Телега с позолоченной добычей из Трои, запряженная четверкой волов, стояла у самого выхода на сцену. Наконец, появился рассыльный, а с ним и мой отец, в бледной маске вдовы с обрезанными волосами. Он забрался на телегу, кто-то поднял меня к нему, он усадил меня на колени, и волы тронулись.
За высоким проемом открылась громадная чаша театра. Я был привычен к пустым скамьям; а теперь, заполненный людьми, он казался бескрайним и незнакомым, рокочущим и опасным, как море. Отец прошептал: «Не смотри на зрителей, ты пугаешься чужих. Думай о том, как изрубили твоего бедного старого дедушку.
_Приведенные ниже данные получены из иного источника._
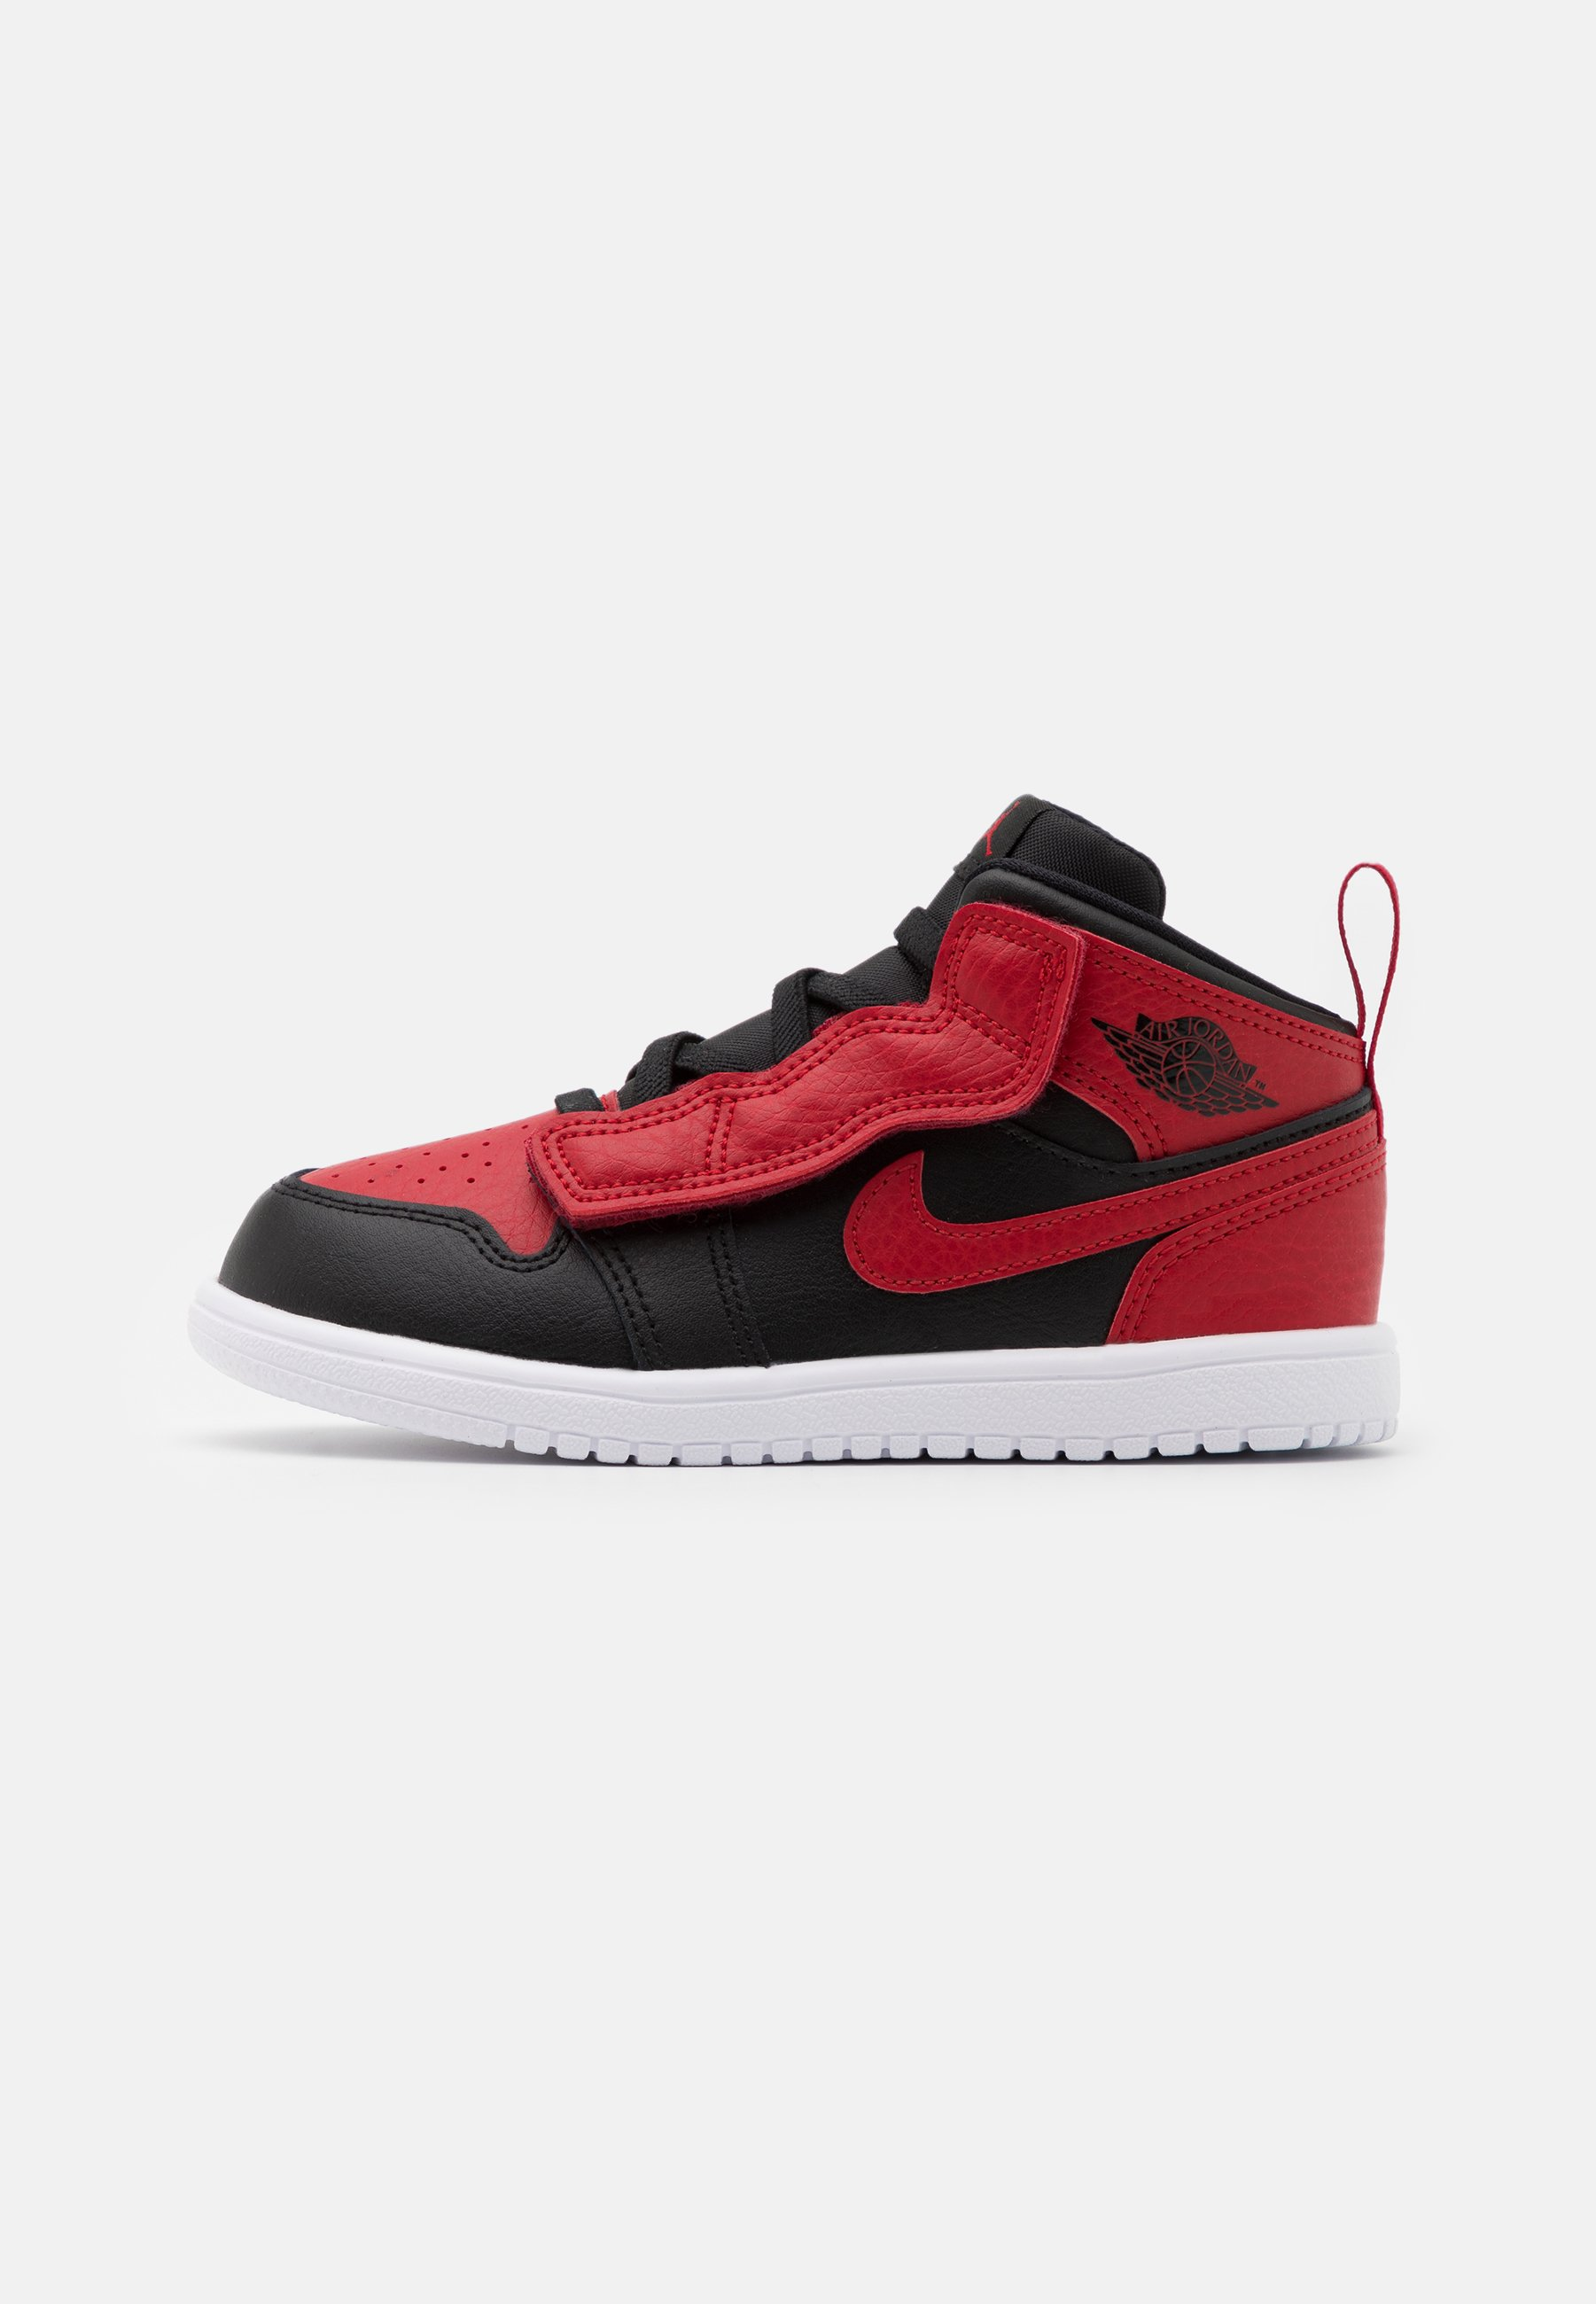 1 MID UNISEX - Chaussures de basket - black/gym red/white

Прижмись ко мне.»
Сам бы я подавал Астианакса по-другому. Он сын Гектора; я предпочитаю его бойким и смелым, не представляющим себе ничего плохого, пока оно не началось. Но и отец знал свое дело. Даже мужчины вздыхали в голос, когда мы медленно въезжали на орхестру; а на басовом мужском фоне слышались приглушенные вскрики и всхлипы женщин. Вдруг меня охватило странное чувство. Это мы с отцом, сами, заставили так переживать пятнадцать тысяч человек; мы можем забрать их всех с собой в Трою; и они будут видеть нас такими, какими мы сами захотим… Я до сих пор ощущаю вкус того первого глотка власти.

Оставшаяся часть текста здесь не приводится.